To new Insights with Photo Elicitation
I thought that this particular image and others I had taken could help to introduce the ‘use of force’ from a very different angle to a video-recorded set of interviews with fellow officers. Therefore, I prepared a further nine images (for other images see here). Indeed these images worked as “can opener” (in John Collier’s sense): By simply explaining the image, this visual tool allowed participants to discuss issues such as death, self-harm and assault. These images, prompted participants (prison officers, medical staff and kept) to tell me things I wouldn't have ever dared to formulate in words. The image depicting the aftermath of an officer's assault (Image n. 3), for instance, triggered some of the officers to talk about and to reflect on assaults, violence, their own (or their colleagues) “misbehaviour”, “provocations” towards inmates and the use of force as well as of their vulnerability and very low level of safety at work.

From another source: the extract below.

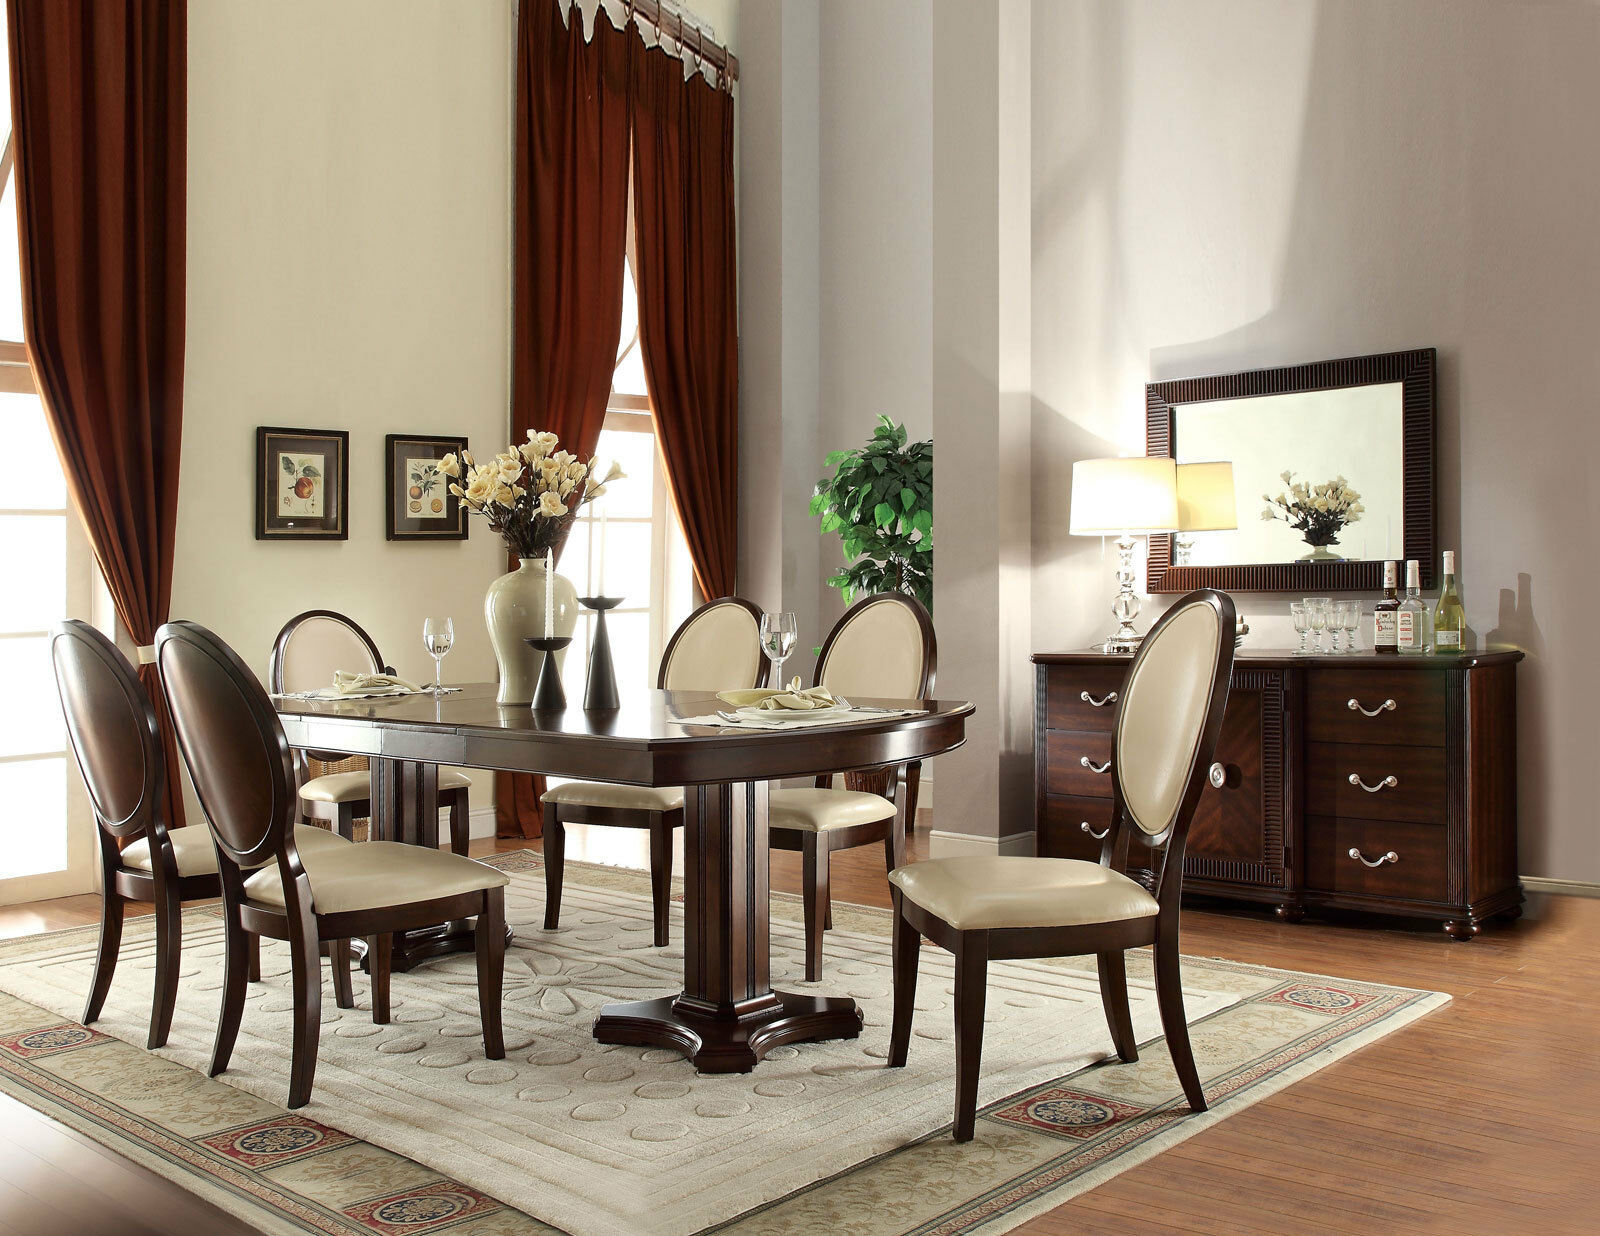 OAKVILLE Art Deco Brown Dining Room Furniture Set - 7 pieces Oval Table

Furthermore, photo elicitation worked very well to introduce qualitative interviews. This positive development took me by surprise; I had used photo elicitation on different occasions before, but I had never really experienced the deeper meaning of Merton's idea of serendipity, in other word, suddenly observing an unexpected strategic datum that can lead to new path in the research. I am only starting to get a real sense of it now, whilst working in the field by day and often with Nvivo by night.